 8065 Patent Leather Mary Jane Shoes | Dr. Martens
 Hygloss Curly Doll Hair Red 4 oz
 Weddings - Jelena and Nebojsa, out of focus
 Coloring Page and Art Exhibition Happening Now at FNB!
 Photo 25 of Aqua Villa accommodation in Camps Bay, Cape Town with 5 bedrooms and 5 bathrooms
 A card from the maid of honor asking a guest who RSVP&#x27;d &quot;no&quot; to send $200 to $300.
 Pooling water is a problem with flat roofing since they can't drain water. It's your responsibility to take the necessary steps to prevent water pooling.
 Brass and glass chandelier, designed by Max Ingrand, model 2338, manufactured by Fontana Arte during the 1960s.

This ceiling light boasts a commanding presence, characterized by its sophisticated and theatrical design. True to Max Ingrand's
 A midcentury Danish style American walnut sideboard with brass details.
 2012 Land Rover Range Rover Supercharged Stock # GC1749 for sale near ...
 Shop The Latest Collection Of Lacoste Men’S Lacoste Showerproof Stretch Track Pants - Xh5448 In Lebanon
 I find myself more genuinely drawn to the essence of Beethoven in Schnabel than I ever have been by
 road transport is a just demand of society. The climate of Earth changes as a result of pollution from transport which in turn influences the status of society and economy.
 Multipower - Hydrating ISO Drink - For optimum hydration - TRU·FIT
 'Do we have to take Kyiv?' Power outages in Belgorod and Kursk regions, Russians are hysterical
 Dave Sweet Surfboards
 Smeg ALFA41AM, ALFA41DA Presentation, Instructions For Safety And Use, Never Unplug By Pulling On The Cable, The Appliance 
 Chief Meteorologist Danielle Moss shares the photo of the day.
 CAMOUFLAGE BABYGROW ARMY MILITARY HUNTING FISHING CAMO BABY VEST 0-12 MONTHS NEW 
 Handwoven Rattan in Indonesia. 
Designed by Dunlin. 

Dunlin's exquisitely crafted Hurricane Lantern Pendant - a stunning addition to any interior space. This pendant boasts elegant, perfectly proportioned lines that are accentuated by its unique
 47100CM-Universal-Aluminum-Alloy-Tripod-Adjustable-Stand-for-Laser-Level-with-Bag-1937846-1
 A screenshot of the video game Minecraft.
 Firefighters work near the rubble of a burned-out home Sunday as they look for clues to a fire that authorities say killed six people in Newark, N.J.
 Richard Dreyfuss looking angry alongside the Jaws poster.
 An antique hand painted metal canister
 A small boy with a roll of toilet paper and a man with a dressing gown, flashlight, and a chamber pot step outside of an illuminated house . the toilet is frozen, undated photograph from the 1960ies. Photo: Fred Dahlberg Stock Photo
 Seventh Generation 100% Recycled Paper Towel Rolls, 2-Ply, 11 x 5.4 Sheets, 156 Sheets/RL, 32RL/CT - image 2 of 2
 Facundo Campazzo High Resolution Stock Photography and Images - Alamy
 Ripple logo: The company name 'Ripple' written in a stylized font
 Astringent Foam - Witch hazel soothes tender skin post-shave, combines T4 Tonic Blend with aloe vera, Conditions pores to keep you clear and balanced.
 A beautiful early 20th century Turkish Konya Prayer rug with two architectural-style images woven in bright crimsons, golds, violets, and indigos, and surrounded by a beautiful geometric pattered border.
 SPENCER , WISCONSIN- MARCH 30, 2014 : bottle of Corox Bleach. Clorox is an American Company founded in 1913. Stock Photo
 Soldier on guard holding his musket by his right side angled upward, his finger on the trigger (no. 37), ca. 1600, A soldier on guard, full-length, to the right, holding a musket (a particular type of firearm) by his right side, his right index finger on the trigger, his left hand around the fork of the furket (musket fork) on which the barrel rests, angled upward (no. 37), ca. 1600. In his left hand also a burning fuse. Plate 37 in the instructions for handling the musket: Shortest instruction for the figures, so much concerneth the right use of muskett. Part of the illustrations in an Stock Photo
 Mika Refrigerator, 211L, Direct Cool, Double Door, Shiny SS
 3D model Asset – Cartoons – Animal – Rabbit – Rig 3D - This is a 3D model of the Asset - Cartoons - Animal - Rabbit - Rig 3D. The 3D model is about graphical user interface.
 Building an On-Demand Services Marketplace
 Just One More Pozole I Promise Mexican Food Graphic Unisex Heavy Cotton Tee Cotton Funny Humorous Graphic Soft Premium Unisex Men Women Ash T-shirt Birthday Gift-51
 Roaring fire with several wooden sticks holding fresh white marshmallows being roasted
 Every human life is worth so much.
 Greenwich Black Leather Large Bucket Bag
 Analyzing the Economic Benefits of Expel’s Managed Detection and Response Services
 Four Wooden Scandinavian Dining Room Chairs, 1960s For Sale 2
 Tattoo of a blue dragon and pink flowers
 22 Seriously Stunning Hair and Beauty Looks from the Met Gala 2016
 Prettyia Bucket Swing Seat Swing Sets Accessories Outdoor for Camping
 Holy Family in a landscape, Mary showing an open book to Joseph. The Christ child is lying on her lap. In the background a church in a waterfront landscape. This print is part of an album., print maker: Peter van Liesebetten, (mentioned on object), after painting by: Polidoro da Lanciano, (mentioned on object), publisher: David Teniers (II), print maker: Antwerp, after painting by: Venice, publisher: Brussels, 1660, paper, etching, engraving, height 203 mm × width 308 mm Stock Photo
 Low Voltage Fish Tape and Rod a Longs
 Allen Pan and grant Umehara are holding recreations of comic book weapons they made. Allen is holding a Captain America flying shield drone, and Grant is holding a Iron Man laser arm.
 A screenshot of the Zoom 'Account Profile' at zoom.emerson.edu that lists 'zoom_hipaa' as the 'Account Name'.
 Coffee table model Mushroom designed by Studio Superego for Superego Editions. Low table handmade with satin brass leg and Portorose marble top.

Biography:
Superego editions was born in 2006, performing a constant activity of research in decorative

——

#### Exercise details:
Return each line of the material above in which the string "Services" appears.

#### Answer space:
 Building an On-Demand Services Marketplace
 Analyzing the Economic Benefits of Expel’s Managed Detection and Response Services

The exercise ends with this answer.